Паровоз наш то по рельсам чухает, а то стоит. И едем мы, куда он везет. А хоть бы куда! С братом — все едино, все хорошо. Ехать — хорошо. Стоять — хорошо. На станциях через пути туда-обратно скакать — хорошо. Когда в темноте выползаю из укрытия своего и тайком на братовы башмаки лицом ложусь — хорошо. Когда, опять же тайком, запах его, спящего, ноздрями вбираю, от пальцев ног, по вершку, по вздоху, и до пальцев рук — хорошо. Когда брат покоя не находит и по пустым вагонам круги нарезает, а я нарезаю следом — и это хорошо. Когда на рассвете по крышам вагонным слоняется — опять хорошо. Все хорошо, и лучше этого не бывать.

А самое большое счастье — когда брат мне чашку с супом недоеденным под лавку сует, и я за ним доедаю: хлебаю баланду пополам с братовым запахом и запах этот вместе с пищей глотаю. В такую минуту скулить готов, так распирает грудь. Но не скулю, не беспокою зря. Терплю.
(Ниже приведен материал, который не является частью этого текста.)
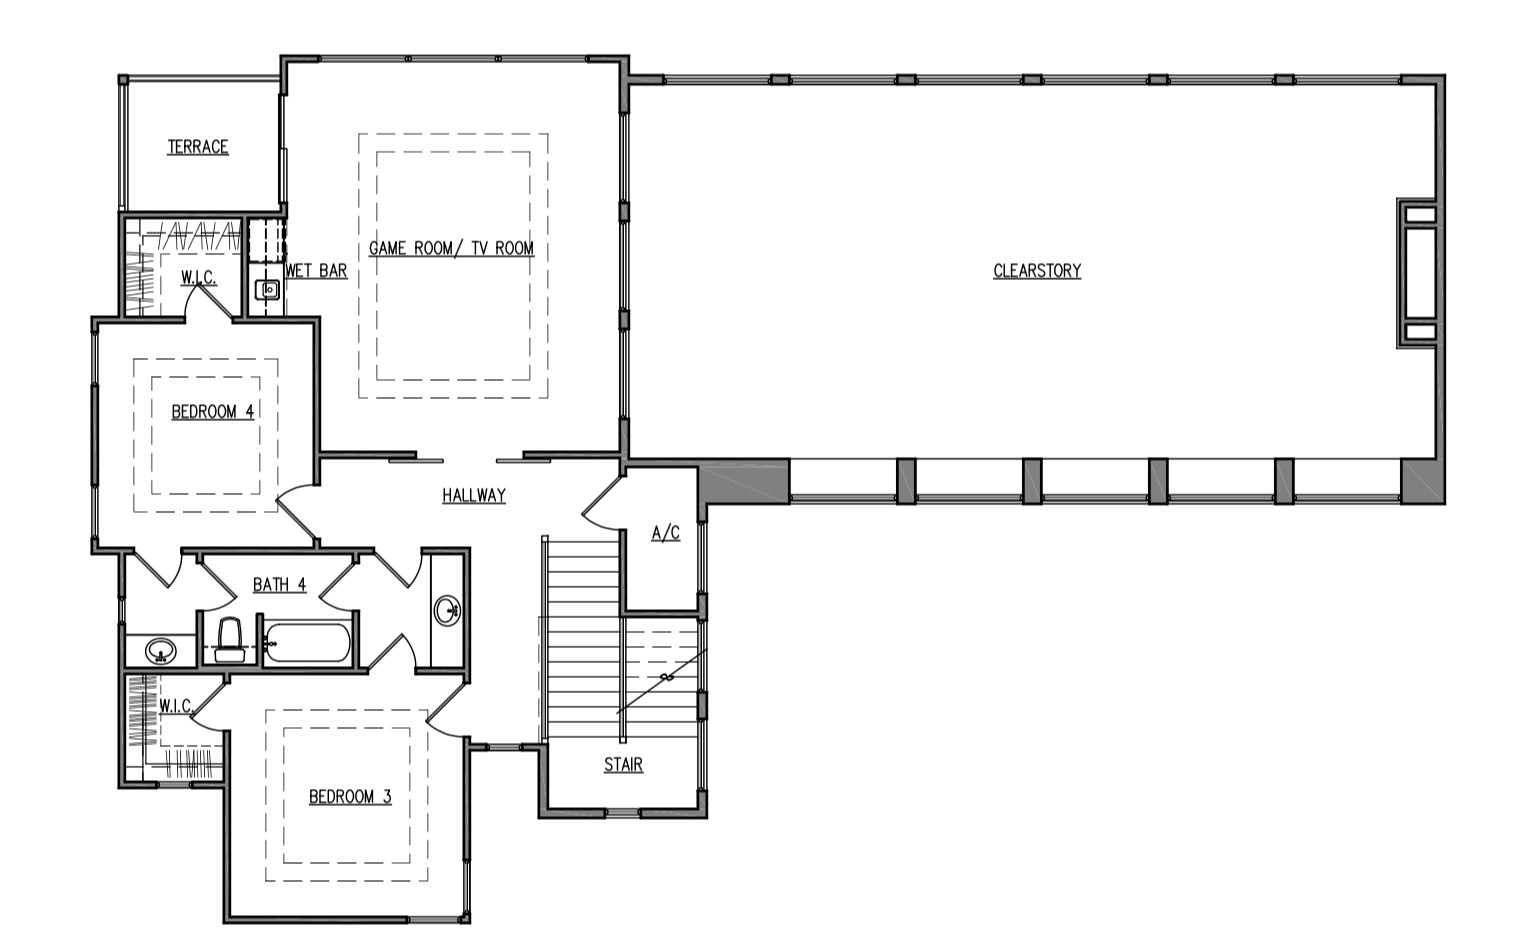 Lifestyle by stadler floor plan

А у брата терпения нет, ему не надобно. Он паровозами командует, зачем ему терпеть? Как гаркнет «выдавай, что имеешь в подотделе, крыса снабженческая, пока я на тебя жалобу в ЧК не накатал!» — и вокруг от гнева его словно светлее. Я и слов-то таких не знаю, и зачем кричит их брат пустым полкам на складе, не понимаю. А ярко мне, аж глаза слепит. От ярости его — ярко.

У матери любое душевное волнение — и любовь, и сердитость, и испуг — все росло из большой усталости и обернуто было этой усталостью, как войлоком или паклей: толком и не разберешь, где одно, а где другое. Иное дело — брат. Не сердится — ярится и лютует. Не грустит — воет. Зарыдать может или топором все вокруг в щепки порубить. А если уж расхохочется — то широко, до последних зубов. У брата не чувства — костер. Жарче, чем в паровозной топке.

Бывает, сядет поутру на крыше вагонной и пялится на восходящее солнце. И такое внутри него волнение бьется и такая неизбывная тревога, что мир вокруг будто кровью наливается и дрожит. Не от зари — от братовых чувств. Я щурюсь от этой красноты, а все равно потом полдня под веками горит.

Или забредет он в соседнюю комнату. Ночью бывает, редко. Сердце братово в той комнате рядом громче бьется и чаще. А в сердце — радость золотом плещется. И вокруг от этой радости — одно сплошное сияние, как от свечей в русской церкви. Будто залили вагон прозрачной сосновой смолой напополам с медом и солнце в эту медовую смолу опустили. Я бы век на сияние это смотрел и блеском золотым любовался.

Но чаще золотых ночей случаются угольные. Это когда брат хоронит мертвых детей. Откуда берутся — не знаю. Появляются — и все. Брат несет их подальше от поезда и закапывает в землю. И таким наливается горем, такой виной, будто сам этих детей и убивает. А ночь вокруг наливается угольной чернотой. У брата после тех ночей еще долго лицо будто чернилами измазано, до того смурное.

Я смотрю на все эти чувства изблизи, целыми днями смотрю — когда согреюсь, а когда и обожгусь. Брат мой, брат мой, огненный человек.

* * *

Уходи, война, — не нужна. Другой нашелся защитник, сильнее и добрее. Брат. Рядом с ним ничего не страшно. А тебя я кормить не стану — чахни, уходи, сгинь. Люди все сгинули, и ты давай.

Но не хочет.

Я не стану больше звуки-запахи копить. Битвы в голове не допущу, устал от битв. Даже глаза смыкать не стану — так и пролежу всю ночь с открытыми. Сгинь.

Нет, не хочет.

День — не хочет. Второй — не хочет. Неделю — не хочет. Едва глаза закрою — бьются твердое и жидкое; громкие братовы речи — с материным шепотом; муравьи черные из моей избы — с белыми рубахами, какие в поезде нашем по полкам едут. Бьются так, что в черепе трясется и звенит. А я — еле жив, изнемогаю. Мира хочу, мира! Прекратись! Прервись! Подох бы от усталости, если б не брат.

Он меня на руки берет и качает, как сосунка. Мать меня не качала — сил не имела. Колыбель меня не качала — некому было толкать. А брат меня качает. Залезает на вагонную крышу, садится и руки протягивает. Я ложусь на эти руки — замереть и слушать ночную тишину. И войну от себя гнать. Прекратись и сгинь!